What is the rotational kinetic energy of a planet about its spin axis? Model the planet as a uniform sphere of radius 6000 km, and mass 6.21 x 10^24 kg. Assume it has a rotational period of 24.0 h.

I=2mR²/5

ω=2π/T
KE= Iω²/2

KE= m(R^2)ω²/5

To find the rotational kinetic energy of a planet about its spin axis, you can use the following formula:

Rotational Kinetic Energy (KE) = (1/2) * I * ω^2

Where:
- KE is the rotational kinetic energy
- I is the moment of inertia of the planet
- ω is the angular velocity of the planet

First, let's calculate the moment of inertia (I) of the planet. For a uniform sphere, the moment of inertia is given by the formula:

I = (2/5) * m * r^2

Where:
- m is the mass of the planet
- r is the radius of the planet

Given values:
- Mass (m) = 6.21 * 10^24 kg
- Radius (r) = 6000 km = 6 * 10^6 m

Plugging these values into the formula, we get:

I = (2/5) * (6.21 * 10^24 kg) * (6 * 10^6 m)^2

Simplifying this expression, we find the moment of inertia of the planet.

Next, let's calculate the angular velocity (ω) of the planet.
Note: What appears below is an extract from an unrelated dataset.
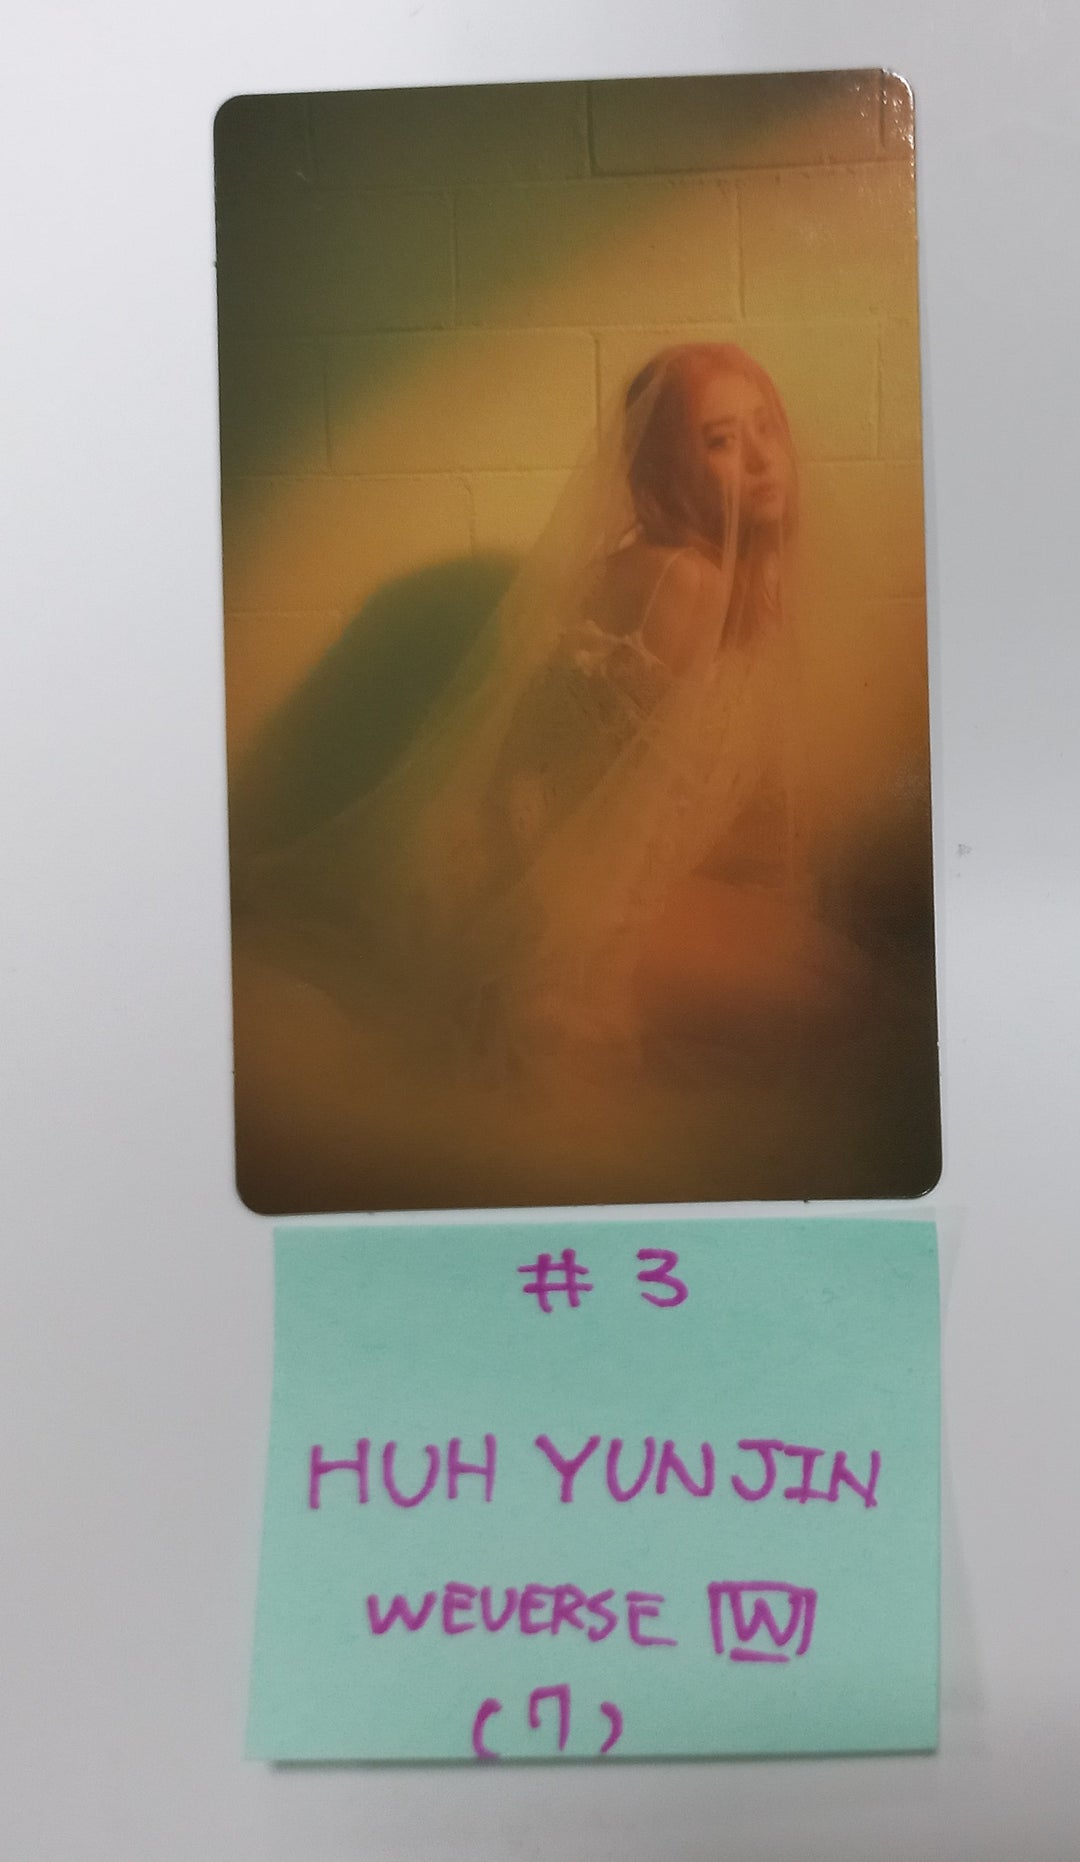 Le Sserafim 3rd Mini "EASY" - Weverse Shop Pre-Order Benefit Photocard [Wever Album Ver.] [24.02.23]

The rotational period of the planet is given as 24.0 h. The angular velocity is the rotation angle per unit time. In this case, one rotation is equal to 2π radians, and the time is given in hours.

Angular velocity (ω) = (2π radians) / (time in seconds)

To convert the rotational period from hours to seconds, multiply it by 60 (minutes per hour), and again by 60 (seconds per minute). Then, calculate the angular velocity using the formula.

Finally, we can plug the values of the moment of inertia (I) and angular velocity (ω) into the formula for rotational kinetic energy (KE) to find the answer. Don't forget to multiply by (1/2) to get the correct result.